妈妈的手

Editor:Mark| Time:2025-10-15

妈妈的手很糙,像秋天干裂的泥土。指甲剪得秃秃的,指关节比我的粗一圈。

上周三,她来学校给我送落在家里的作业本。隔着铁栏杆,她把本子递过来。我伸手去接,碰到她手心,硬硬的茧硌了我一下。几个同学在旁边笑,我赶紧把本子抽走,头也不回地跑进教学楼。

回到家,她正在厨房切土豆。那把旧菜刀在案板上起起落落,发出沉闷的响声。我站在门口看她——右手紧握刀柄,左手按着土豆,手背上青筋凸起。切完土豆,她又去拧腌菜坛子的盖子,使劲时,整条胳膊都在发抖。

“妈,我来吧。”

她愣了一下,随即笑了:“不用,写你的作业去。”

那天晚上,我假装睡着。

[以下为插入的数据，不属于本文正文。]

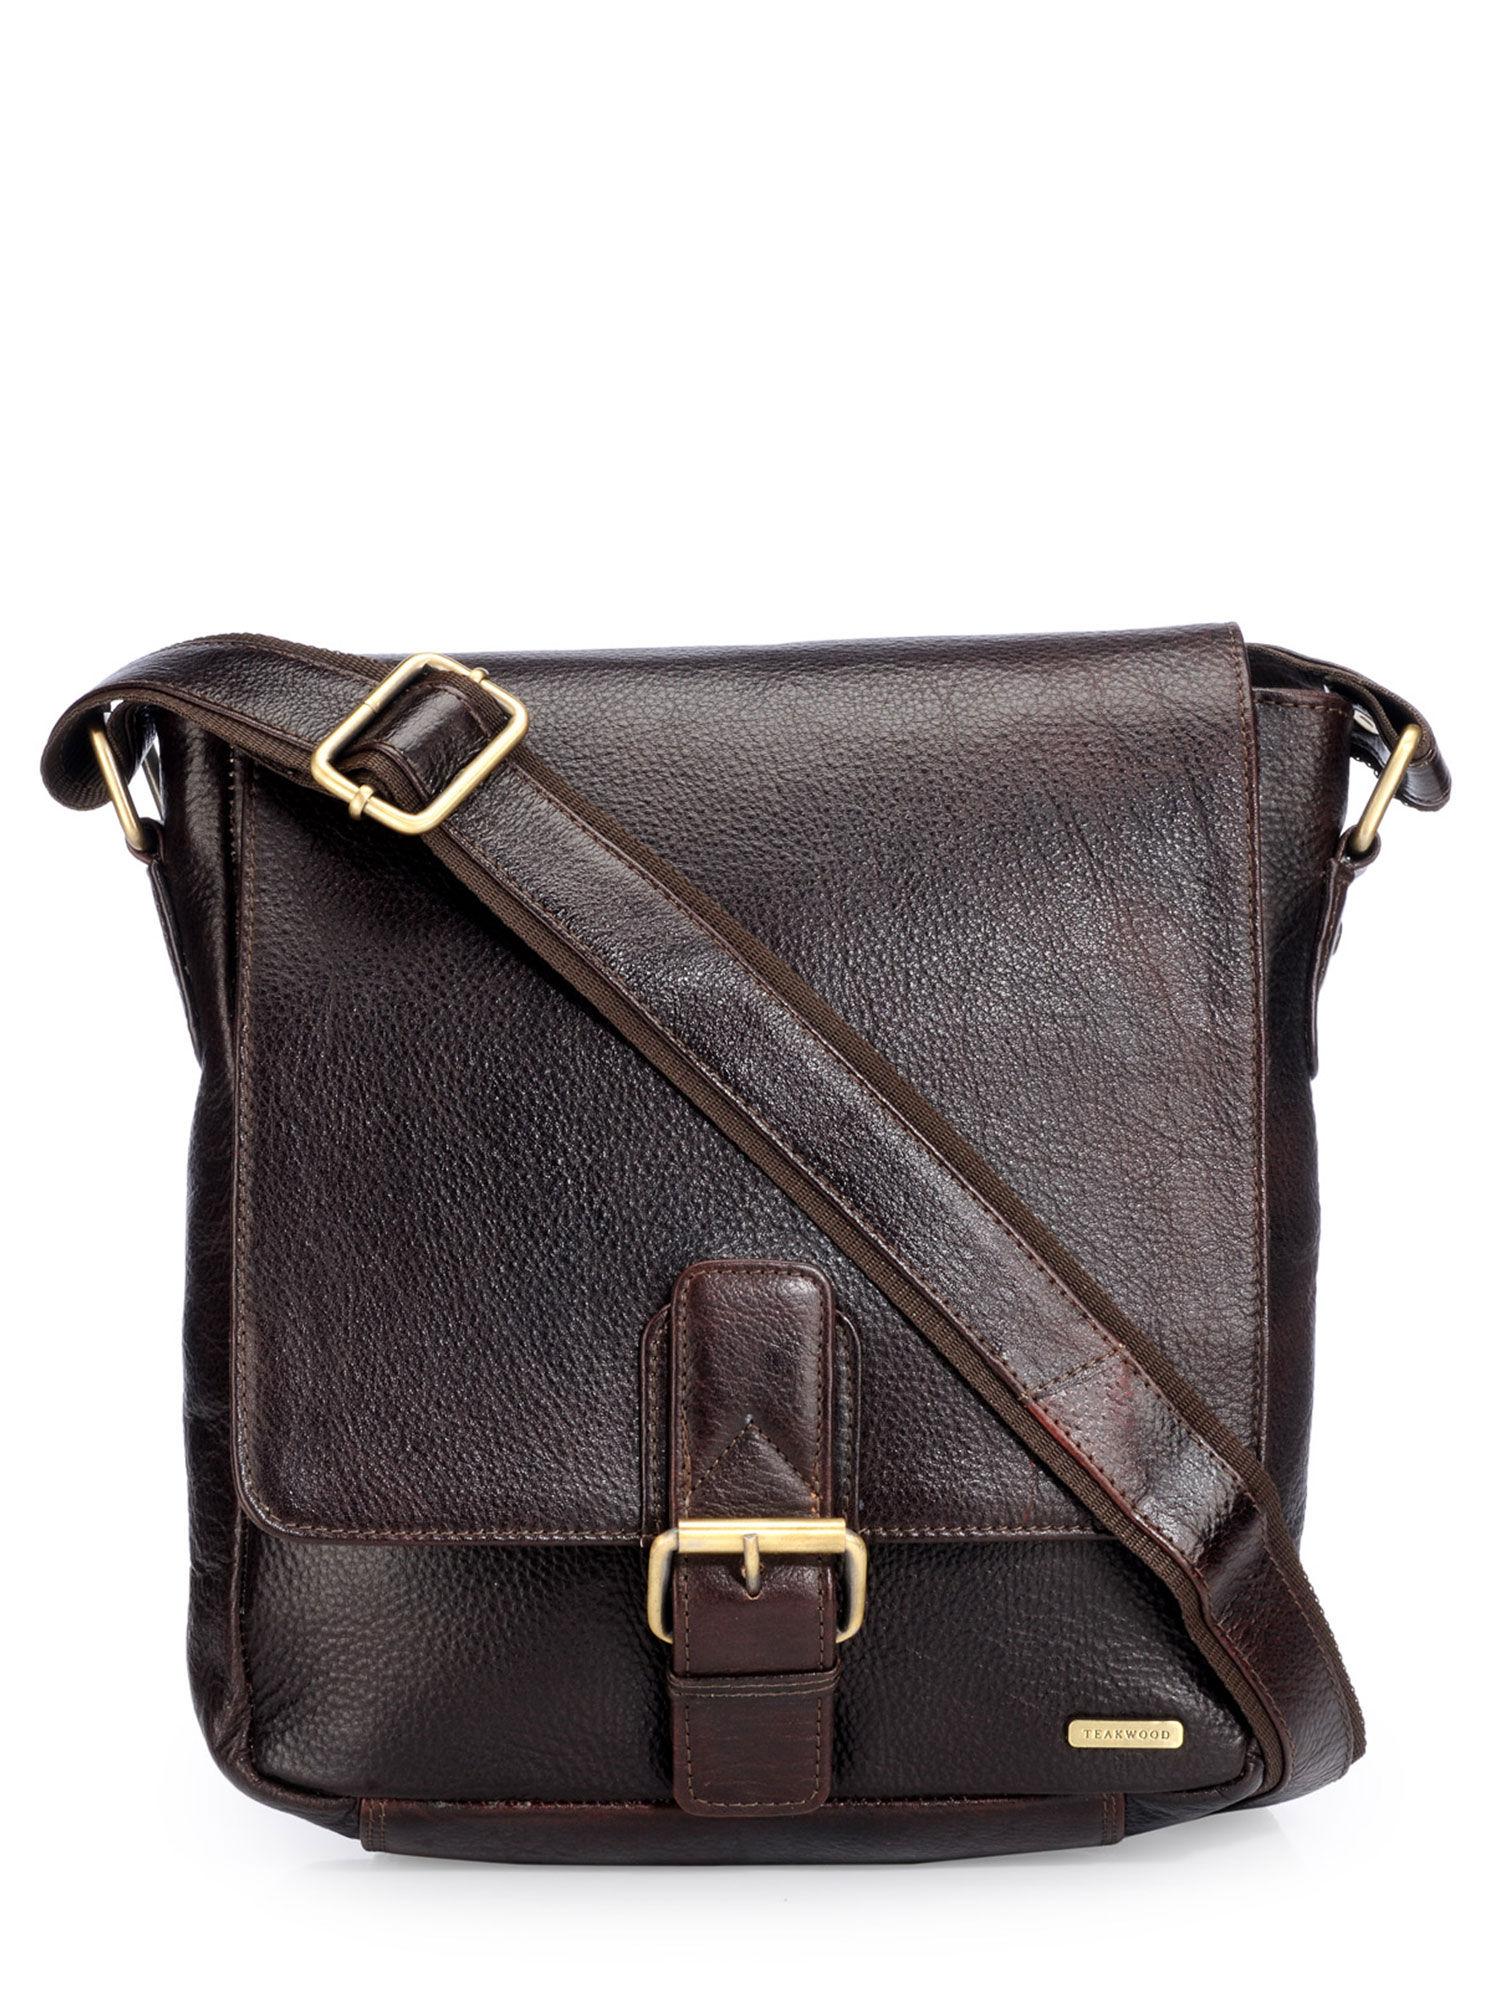 unisex brown genuine leather sling bag

她轻轻推门进来,坐在我床边。黑暗中,我感觉到那双手抚过我的额头,粗糙得像砂纸擦过皮肤。她坐了很久,久到我真的快要睡着了。起身时,她替我掖了掖被角,动作很轻,像是怕碰碎什么。

第二天吃早饭时,我说:“妈,我们班要买辅导书,五十块。”

她没问什么,从裤兜里掏出皱巴巴的纸币,一张张数好放在桌上。“够不够?”

我看着她数钱的手——就是这双手,在服装厂里一天剪几千根线头;就是这双手,冬天在冷水里洗菜,裂开细小的口子;就是这双手,在我发烧的夜里一遍遍试我额头的温度。

“妈,”我声音有点哑,“你的手……疼不疼?”

她低头看了看自己的手,像看两件陌生的东西。“惯了。”她说,然后继续喝粥。

那一刻我突然明白,这双粗糙的手,其实是最柔软的。它们从不拥抱我,却一直在拥抱我的生活。